China's trade performance in May 2026 exceeded market expectations, with both exports and imports posting significant year-on-year gains despite ongoing disruptions from the Iran war [1]. According to official customs data, exports rose by 19.4% in U.S. dollar terms compared to the previous year, accelerating from a 14.1% increase in April and surpassing economists' forecast of 15% growth [1]. Imports also showed strong momentum, expanding by 27.4% in May, up from a 25.3% rise in April and beating the consensus estimate of 25% [1].
The surge in exports was largely attributed to robust global demand for AI-related and renewable-energy products, which helped offset the negative impact of the Middle East conflict [1]. Economists noted that overseas buyers rushed to secure supplies ahead of potential energy cost increases, but cautioned that this tailwind may be temporary as stockpiling momentum could fade [1]. On the import side, growth was concentrated in select categories such as semiconductor chips and gold, driven by higher input costs rather than broad-based demand, with Bank of America Global Research emphasizing that genuine trade rebalancing remains distant [1].
Despite the strong trade data, China's domestic economy showed signs of weakness.

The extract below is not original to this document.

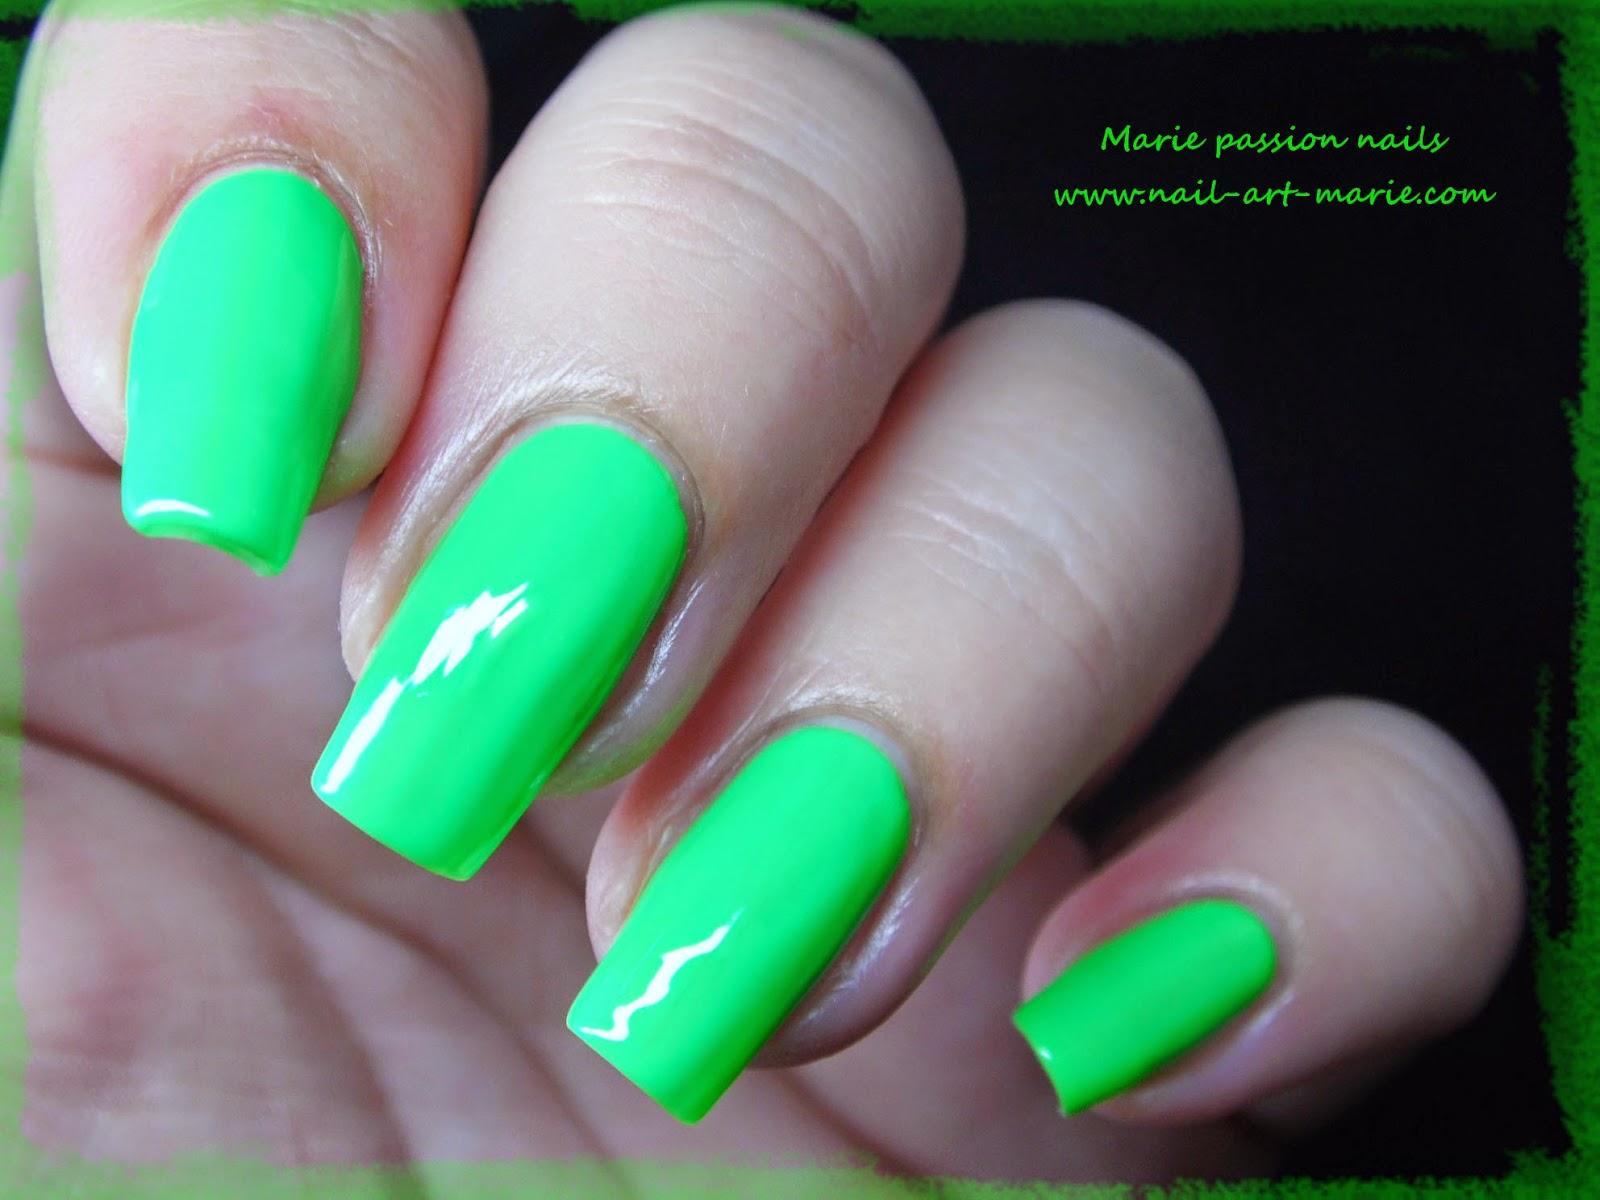 LM Cosmetic Duchamp5

Growth slowed across the board in April, with industrial production and retail sales posting their weakest gains in years, and the official manufacturing activity gauge in May slowed to 50, the threshold between expansion and contraction [1]. Economists, including Xiangrong Yu of Citi Bank, expect the AI boom to continue supporting production and trade, but anticipate that domestic demand will remain weak, with retail sales growth potentially falling to zero in May [1].
The labor market also remains under pressure, as manufacturing jobs continue to contract due to productivity gains from automation, according to Frederic Neumann of HSBC Bank [1]. Economists described China's current economic environment as a 'K-speed' growth paradigm, with strong performance in manufacturing and exports contrasting with persistent weakness in property markets and consumer spending [1].
CONCLUSION
China's May trade data highlights the resilience of its export sector, particularly in AI and technology, amid geopolitical disruptions. However, underlying domestic weaknesses and a fragile labor market suggest that the export-driven momentum may not be sustainable without a recovery in consumer demand.